Tuesday, February 4, 2014

Fox 10 Producer "Thankful" for drunk driver crashing into Phoenix home

UPDATE: After media journalist Jim Romenesko picked up on the exclusive Down and Drought coverage of Fox 10 producer Juliana Vasquez's twitter meltdown, the story spread across the internet, largely being reposted by others in the news business.  The media blog TVSpy reported that Vazquez had been reprimanded by station management as a result of our story and the coverage it received from media outlets. In a statement to TVSpy regarding the Down and Drought story on Vazquez, KSAZ vice president and GM Mark Rodman stated that “This is unacceptable behavior and will not be tolerated.” TVSpy also reported that other sources had said that Vasquez was reprimanded by the station for her twitter posts.

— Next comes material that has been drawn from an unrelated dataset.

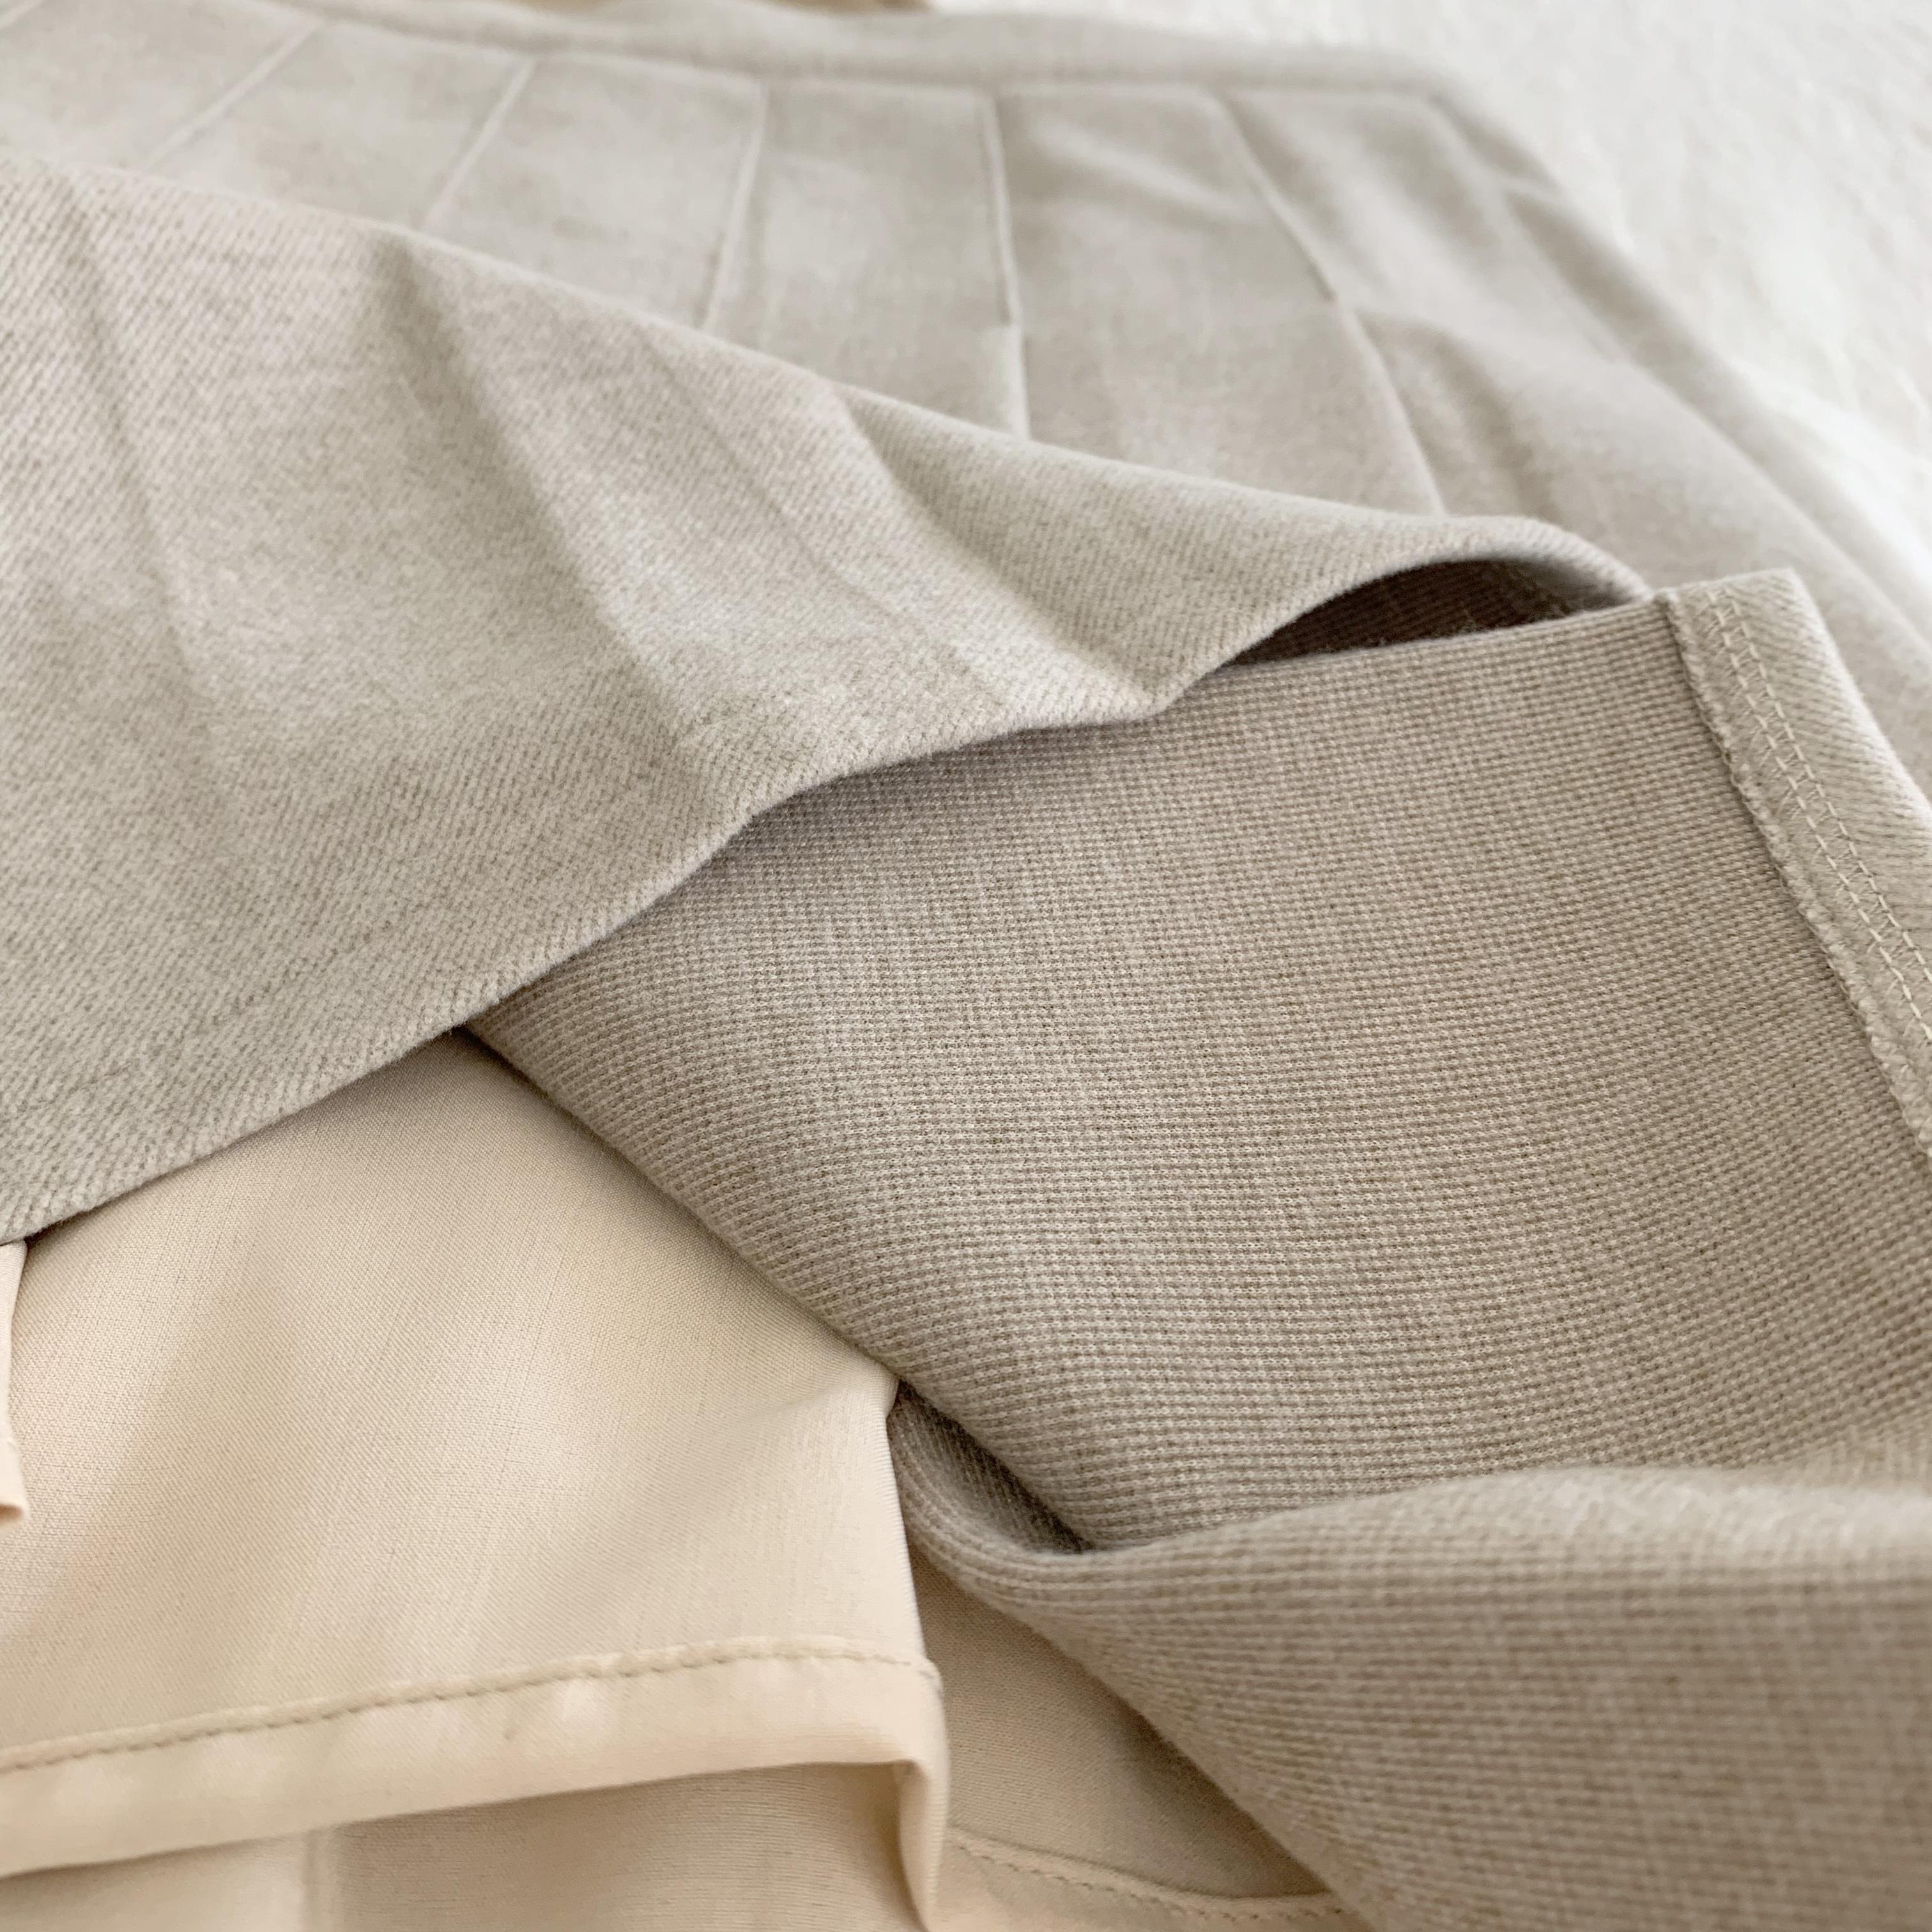 〈カフェシリーズ〉カフェラテプリーツスカート 【dull color flower skirt】

Juliana Vasquez, a morning news producer at KSAZ Fox 10 Phoenix, may have been venting about the difficulty of finding content for the morning program when she tweeted that she was "thankful" that an alleged drunk driver crashed into a Phoenix home last night, but her logic in posting such a statement is questionable.  The Fox 10 producer tweeted: "Sometimes you just gotta be thankful that some drunk dude drivers [sic] into a house..no one was hurt, but I needed news #producerproblems".

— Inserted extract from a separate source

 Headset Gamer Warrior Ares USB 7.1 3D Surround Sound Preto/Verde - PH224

The tweet was removed from Vasquez's twitter profile this afternoon after Down and Drought posted responses challenging the ethics of a news professional publicly posting such sentiment, and callously treating the real life problems of people impacted by an event as a "#producerproblem".  Fox 10's morning news coverage of the accident featured reporter Anita Roman boasting of the "first look" inside the home, describing how the van crashed mere feet away from where a resident had been sleeping.

FOX 10 News | myfoxphoenix.com
 
Had the residents of the home been aware of Vasquez's excitement over the crash, would they have granted the station "first look" access into their home to video tape the destruction?  Would the 17 year old family member who told reporters that he and his family were "lucky to be alive" be "thankful" that he was able to help a news station fill two minutes of air time?  Vasquez's tweet that she "needed news" is emblematic of the troublesome "what bleeds leads" mentality of local news, and a reminder that, despite the sympathy in the voice of the reporter, it's these stories which drive the advertising revenue and keep producers needing the next big tragedy.